11-17-2020, 02:16 PM
Emotional Pain Relief & Healing Aid 3.0.
-DarthXedonias said this here
Quote:Well, had to literally drag myself to post something here. After getting better and better mentally I just haven't felt the desire to post here much. Life has been really good. I feel myself being filled with Happiness, light, power, love and joy. This is literally the best time of my life so far emotionally. Even when its not like this its more like a Zen type attitude. I don't know how I would explain it but its like this state of knowing more than feeling. There is a certain phrase that comes to my mind when I'm in this state and I try to analyze myself: "I just am". Don't know how to explain it more than that. Barely even try to remember anything from the past because it doesn't interest me, something blocks me and even when I do remember something I usually just end up forgiving the person who did something wrong to me and in my mind send love in their direction to hope they change. This is very different from how I used to be though how I used to be feels like that was years and years ago for some reason.
As it is now I have this hunch that I just need to stay on this sub a bit longer then I will have everything that I need to move forward with my plans and life in general. Fear, guilt and shame are practically nonexistent in my life now. I've been so thoroughly cleaned out as it were I'm pretty certain I could run any sub at the moment (at any generation) and get the results I want mainly but as I said I will be sticking with this a bit longer as I feel like I need just a little bit more to fully get what I want out of this sub.
As far as negativity that is pretty much nonexistent. If I had to use percentages of how much a negative thought tries to come to mind during the time of the week I would say it would be at 5% or lower. Mainly it feels as if as soon as something negative comes up something just blocks it and I soon forget about it. There is a funny story related to this actually. Last week because of a misunderstanding I actually thought my boss in China was about to let me go and my contract was going to be cancelled. When this happened I actually didn't think negatively like I would normally would. I felt a part of me trying to go to that place but couldn't fully get there. My reaction was basically: "Oh well, I will simply get an even better job than that one" which would be unheard for me before. I was even thinking about the positive things that would come out of potentially maybe even going to another country instead of staying in China for work. Luckily, this wasn't the case but I was going to be fine either way.
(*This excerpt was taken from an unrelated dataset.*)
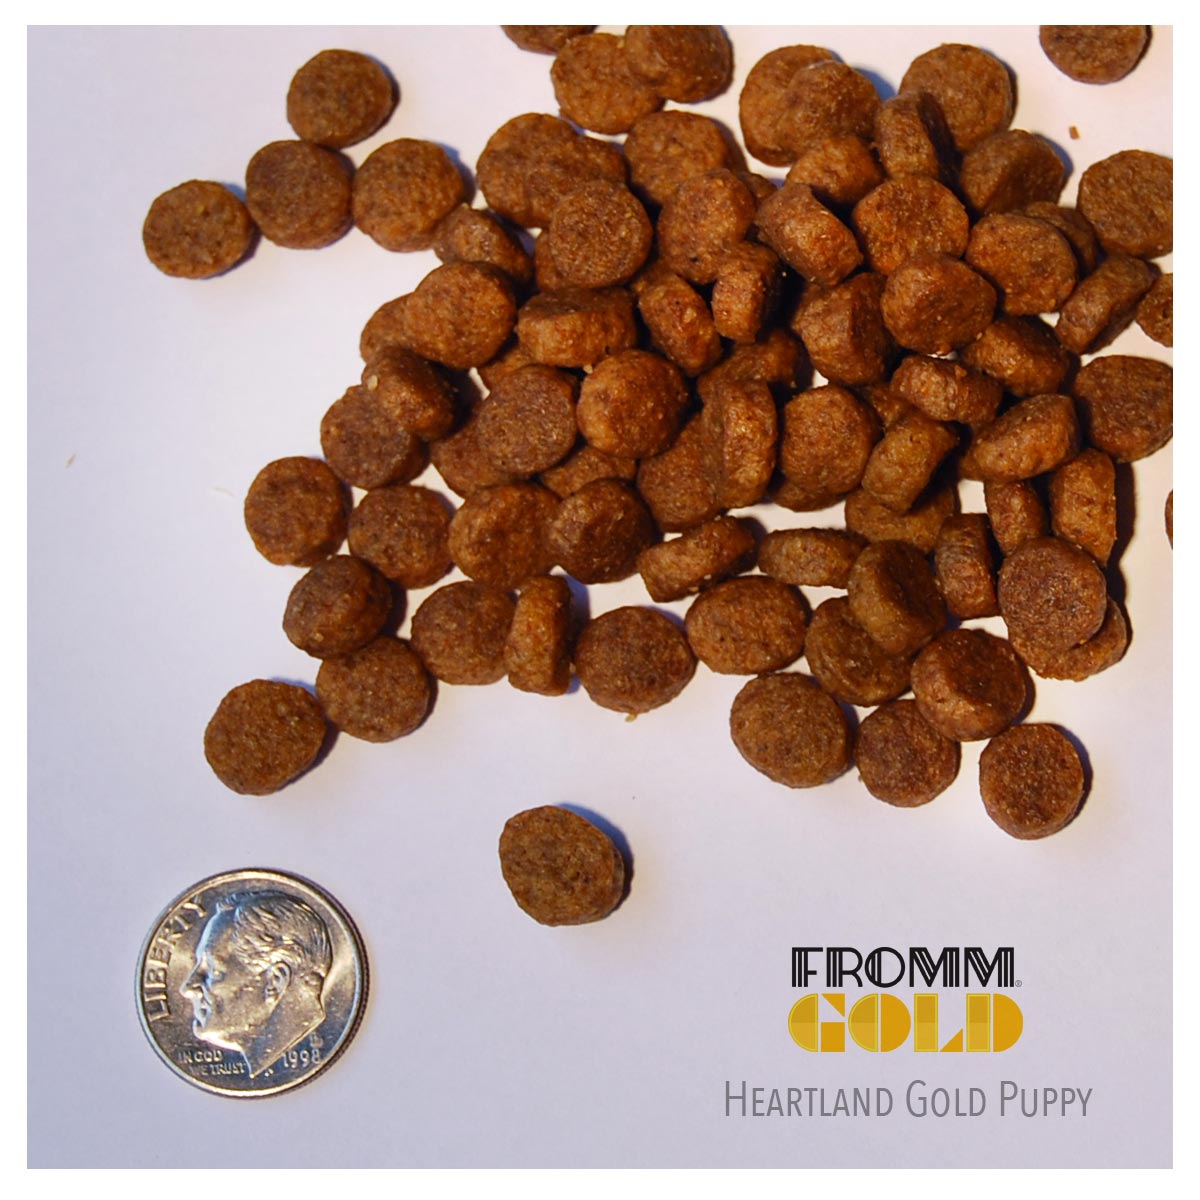 Fromm® Family Heartland Gold® Puppy

The last major thing I can think of is that I took fully responsibility for my life. My life as it was before was my doing. If you are fully of anger, rage, hatred and depression your just going to attract more of the same. If you want to have something different your going to have to "be" something different. You only experience what you are really. I have noticed since then I feel like I have a lot more control over my life and funny once your filled with light, love, happiness, joy and power you don't seem to attract negative things in your life as much instead you seem to attract more of the same. Either way that's about all I can think of right now. In the end your the one that is choosing to keep on experiencing what you are current experiencing. Want to experience something different? Then you need to choose to become something different. The only thing stand in the way of that is your fears, shame, and guilt around becoming that new person. Its funny how what Shannon has been saying for years now finally actually makes perfect sense.